INSERT INTO points_for_fastest_lap (fastestlaprank, bonus_points) VALUES
(1, 1);

/*
POINTS PER YEAR AND POINTS PER RACE ADJUSTED FOR CHANGES IN POINT SCORING METHODOLOGY OVER TIME
This first finding is about which of the F1 drivers have scored the most points over their career. Specifically measured as points per year and points per race, to adjust for some drivers having longer careers
than others. Additionally the point scoring methodology has changed over time, meaning someone who completed a race in 2005, for instance, would have gotten less points for a given performance than they would
have for the same performance in a 2024 race.

The modern_point_system table contains the current point distributions for each of the top 10 placements in a race, which are the placements that currently get rewarded. These have been used to retroactively adjust
drivers' points score for races completed using older point scoring rules. Additionally, in modern races, the driver with the fastest lap overall get rewarded an additional point, which the points_for_fastest_lap
table is used to add. These additions mean that the resulting ranking of drivers is much closer to the true ranking, if the point scoring system had been consistent over time, but this also means that it deviates
quite significantly from the result that you would get from just aggregating points in the original dataset.
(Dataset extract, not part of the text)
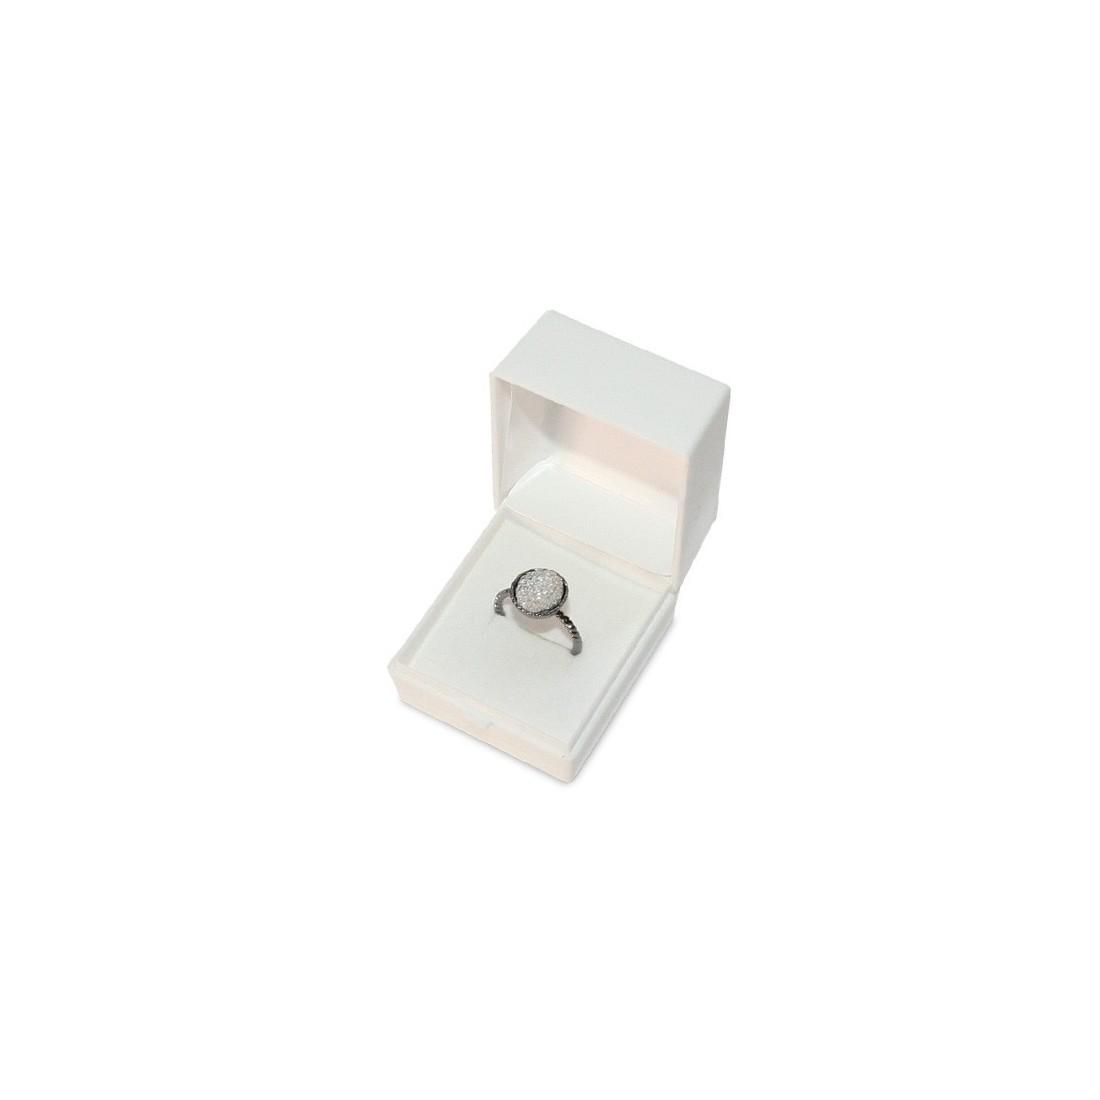 Europa Jewellery Box, Multipurpose

This query uses the following datasets as inputs:

    - Drivers: To pull in driver names
    - Races: To pull in information about the duration of drivers' careers, i.e. the first and last year that they participated in a race, according to the dataset. This lets me calculate the total number of years
    that they have participated in races for, again according to the dataset, and distribute their total point winnings across the years to calculate the avg. points per year metric
    - Results: Placements, fastest lap times, (adjusted) points awarded
    - Modern_points_system: My own dataset. Simply replaces the points awarded for a given placement in a race with modern point scoring rules, as explained above.
    - Points_for_fastest_lap: My own dataset. Used to award bonus points for fastest lap, as explained above.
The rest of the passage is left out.